Available data Block Start

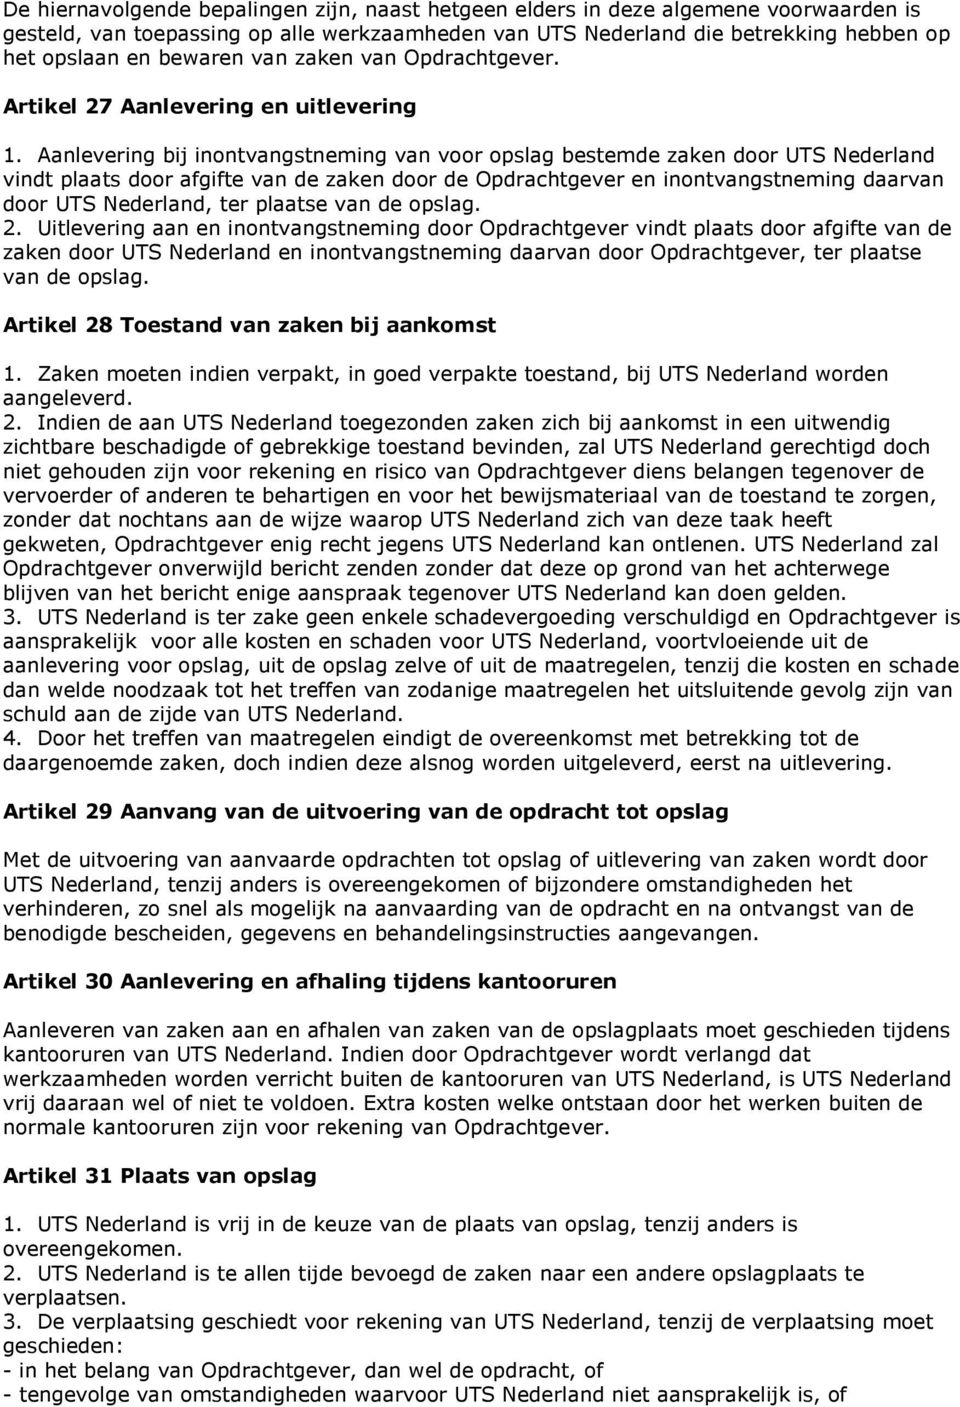 Aanlevering bij inontvangstneming van voor opslag bestemde zaken door UTS Nederland vindt plaats door afgifte van de zaken door de Opdrachtgever en inontvangstneming daarvan door UTS Nederland, ter
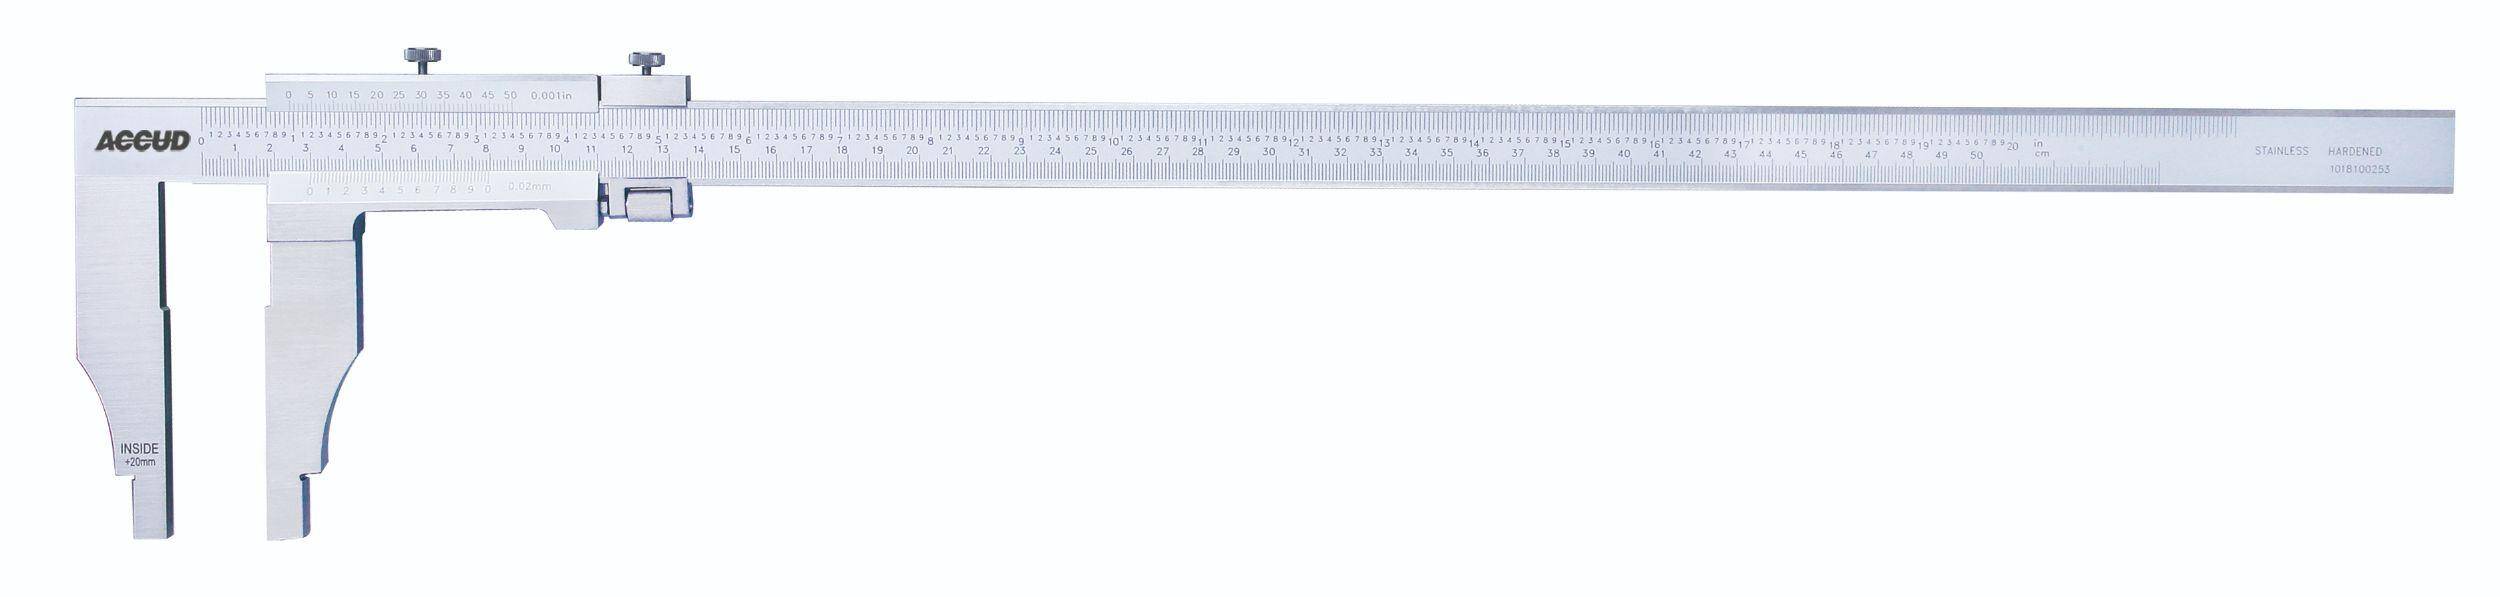 ACCUD suwmiarka analogowa 1000/0.05 mm jednostronna długość szczęk 150 mm 128-040-51 (Zdjęcie 1)
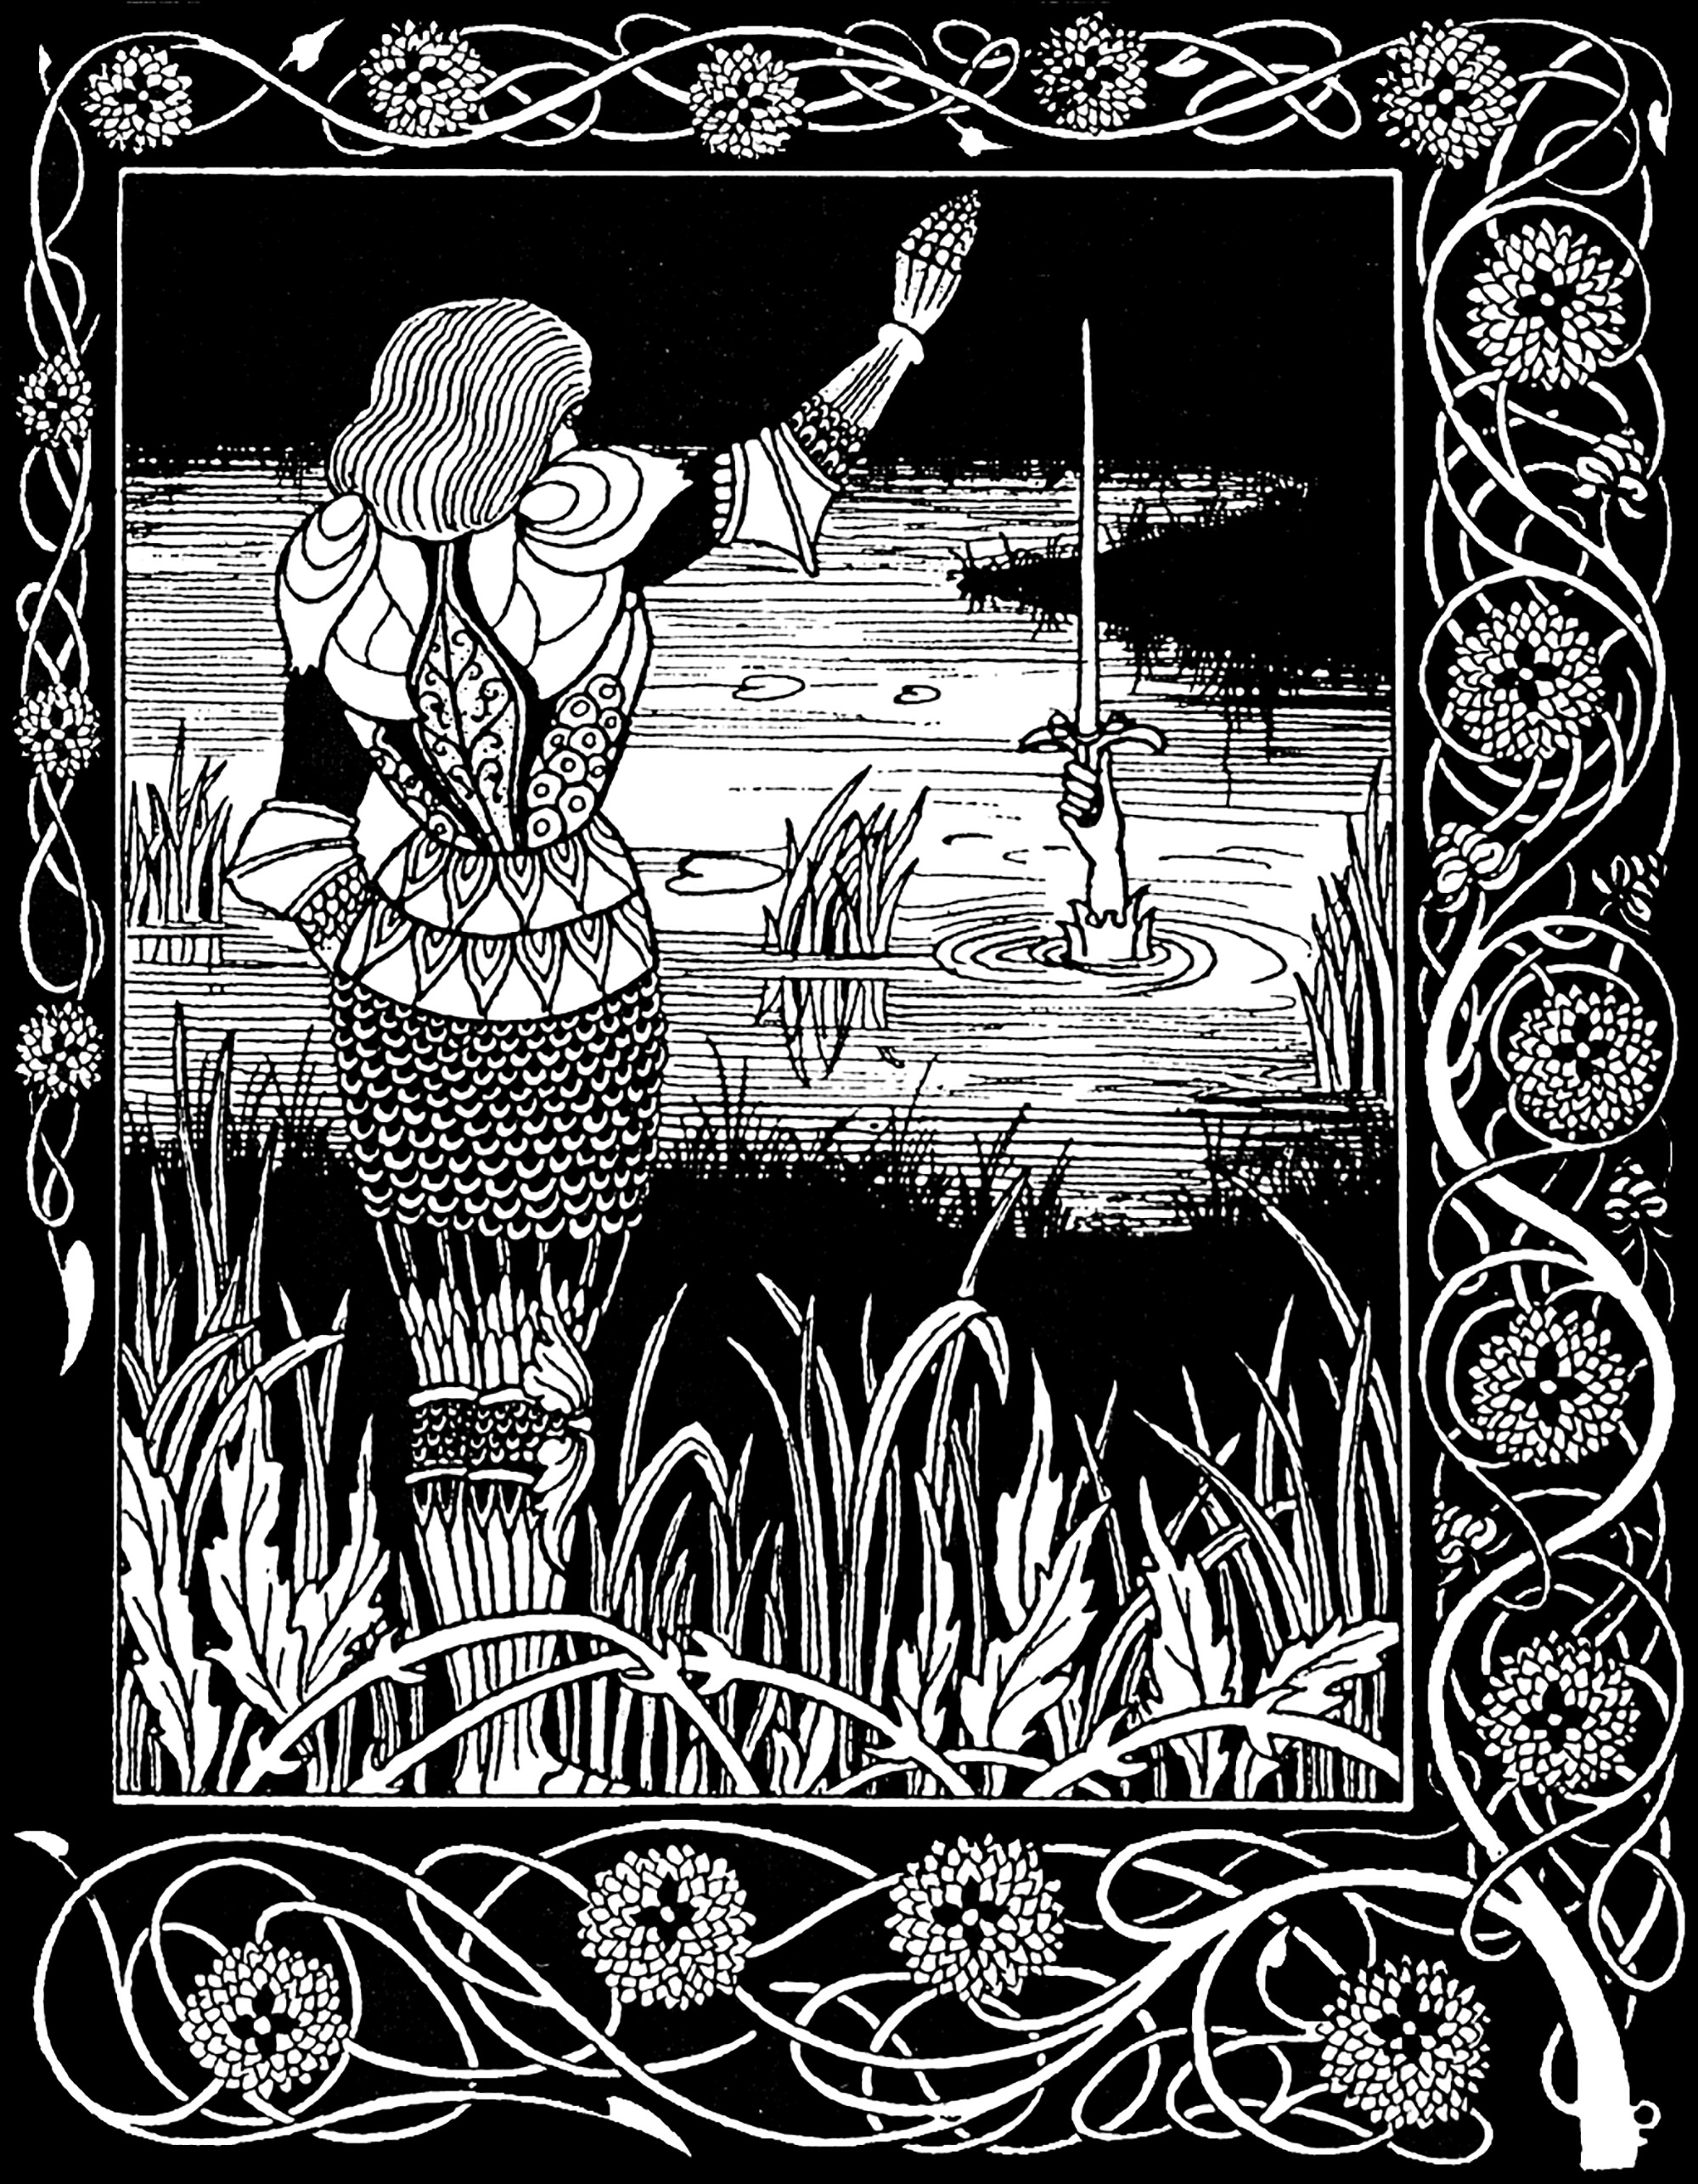 Sir Bedivere arroja Excalibur, la espada de Arturo, al lago de donde salió. Ilustración de Aubrey Beardsley (1872-1898) para una edición de La Mort d'Arthur de Sir Thomas Malory (1893).

Available data Block End

Activity:
Write out the whole listing exactly, and drop the pictures.

Answer to the problem:
 Aanlevering bij inontvangstneming van voor opslag bestemde zaken door UTS Nederland vindt plaats door afgifte van de zaken door de Opdrachtgever en inontvangstneming daarvan door UTS Nederland, ter
 ACCUD suwmiarka analogowa 1000/0.05 mm jednostronna długość szczęk 150 mm 128-040-51 (Zdjęcie 1)
 Sir Bedivere arroja Excalibur, la espada de Arturo, al lago de donde salió. Ilustración de Aubrey Beardsley (1872-1898) para una edición de La Mort d'Arthur de Sir Thomas Malory (1893).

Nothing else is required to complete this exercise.